I think that you might have a hard time finding anyone to disagree with this statement. When the examiner finds good art, the rest of the examination could almost take care of itself. (Not quite, but almost.) Good art is certainly a prerequisite to an efficient examination.
"...but the powers-that-be would rather offload that to the applicant."
I've seen the ESDs that are submitted with some of the Accelerated Examination cases, and I've spoken with examiners who have examined them. I personally wouldn't accept the art submitted as the best art; I'd still perform my own search.
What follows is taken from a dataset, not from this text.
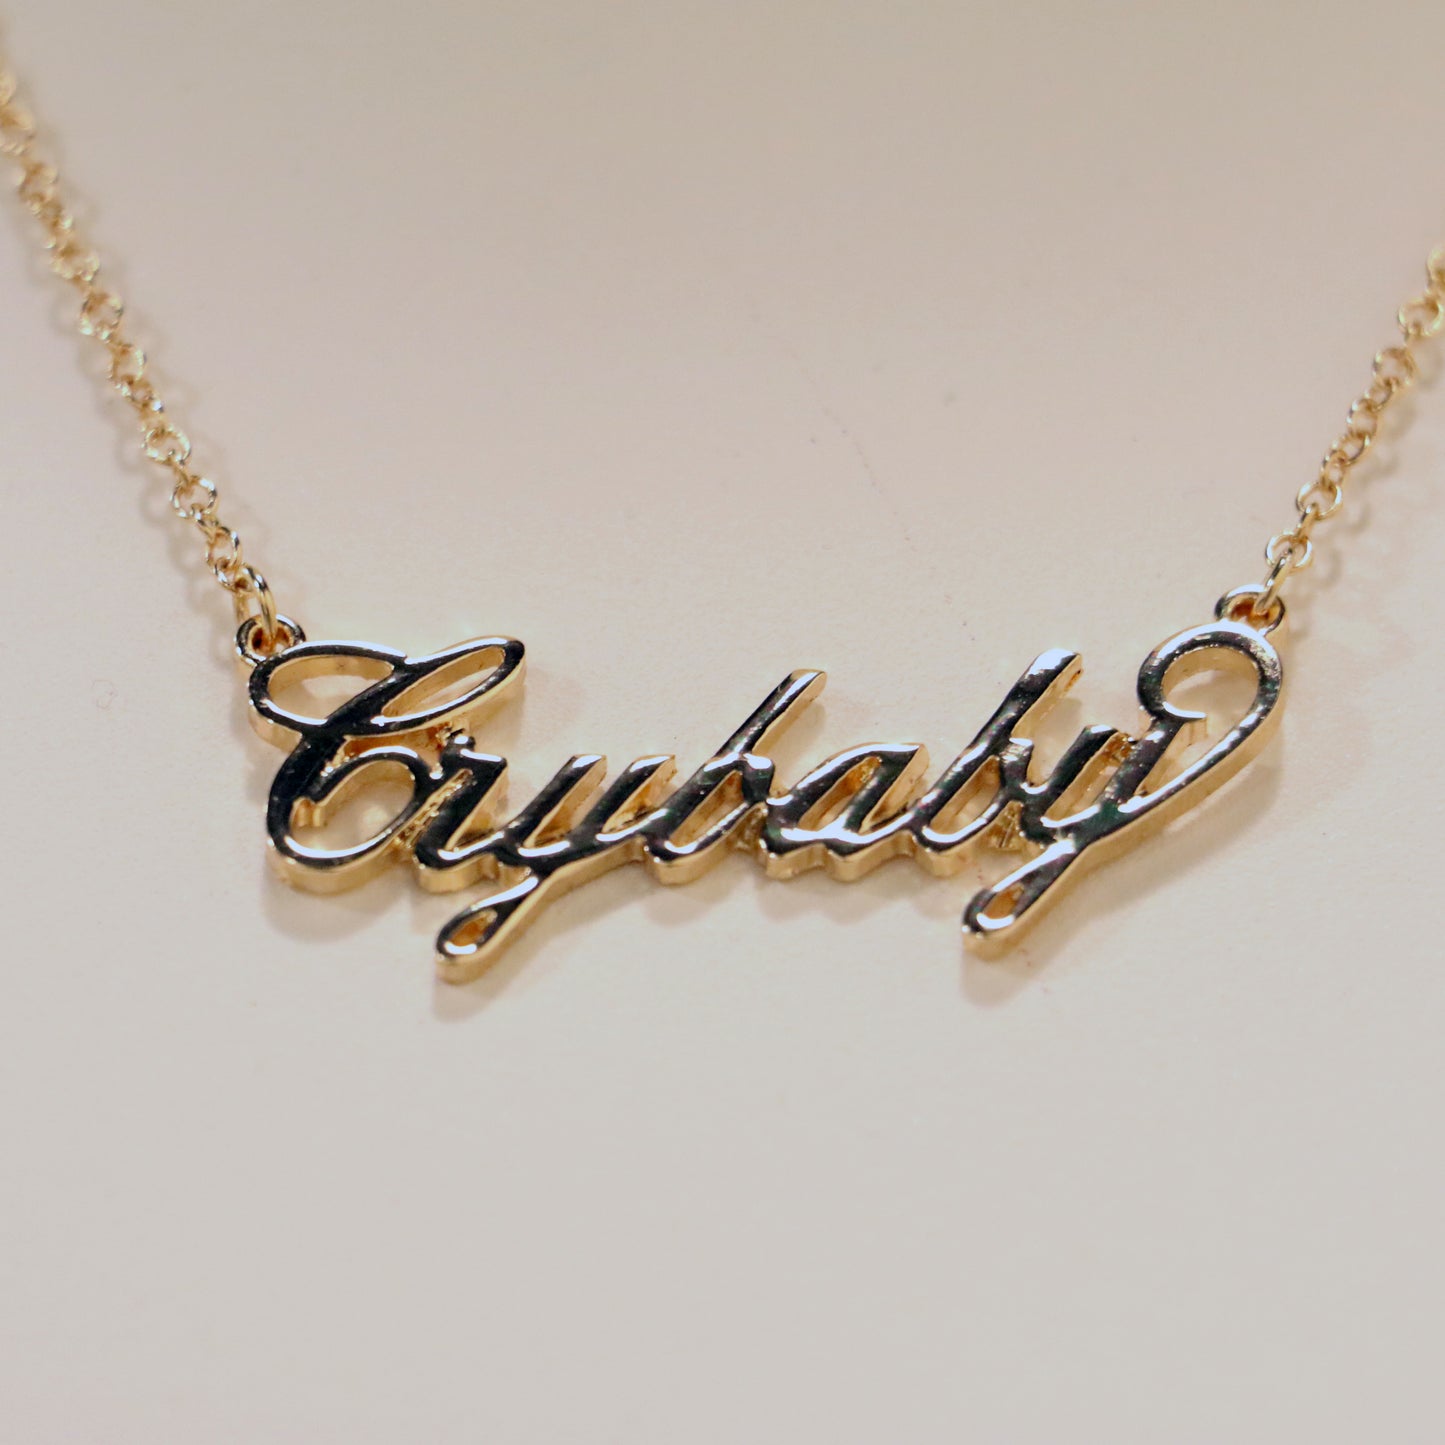 Crybaby Nameplate Necklace

Hopefully the ESD would give me some clues as to the best places to direct my search, so at least it would still hopefully save me some time, though.
"...either Examiners work to become true experts in the art, or we're better off with a registration system..."
This is a good plan. But there are problems that stand in the way of making it happen.
First, after an examiner has built up a substantial docket, the constant flow of RCEs will make it possible (or more accurately, necessary) for the examiner to pick up fewer new cases to examine, because they need to spend most of their time working on amendments. The fewer new applications taken up for examination, the less opportunity to study an area of the art with which they are not familiar.
Second, there are many art areas that are broad enough that it is virtually impossible for examiners to gain expertise in all of the art that they might potentially examine (because they just don't see applications from all areas of their art). I often find myself spending a substantial part of my initial search finding and reading background information so I can get a good understanding of the invention and the related art. I honestly don't know how the examiners in the Business Methods arts do it. That area is seemingly so wide ranging that I imagine they need to do that almost every time they pick up a new application.
I completely agree that a good initial search is central to good examination, but it's tough to do when you've got only a very few hours in which to do it. For me, it's worth spending the extra time on the first action because of the time it saves me in answering the amendments. It saves me from writing many second non-final actions (which is definitely a contrast with my first few years examining).
The thing is, it invariably (from what I've seen) takes some hard experience and some time invested writing second and third non-finals and withdrawing finality for an examiner to figure this out. This will only happen if attorneys at least occasionally force examiners to do it, instead of filing an automatic RCE even when the art is not as good as it should be.
(And this is not a criticism of the way attorneys prosecute their clients' applications, really. It's simply one of the reasons why things are the way they are.)
So what is one to do? One solution would be to give examiners more time for their first actions.
Another possible solution? How about further subdividing the art that examiners handle? In order to make them true experts, it might be helpful to allow examiners to examine a much more narrow area of art than they do today (in some areas of art, anyway).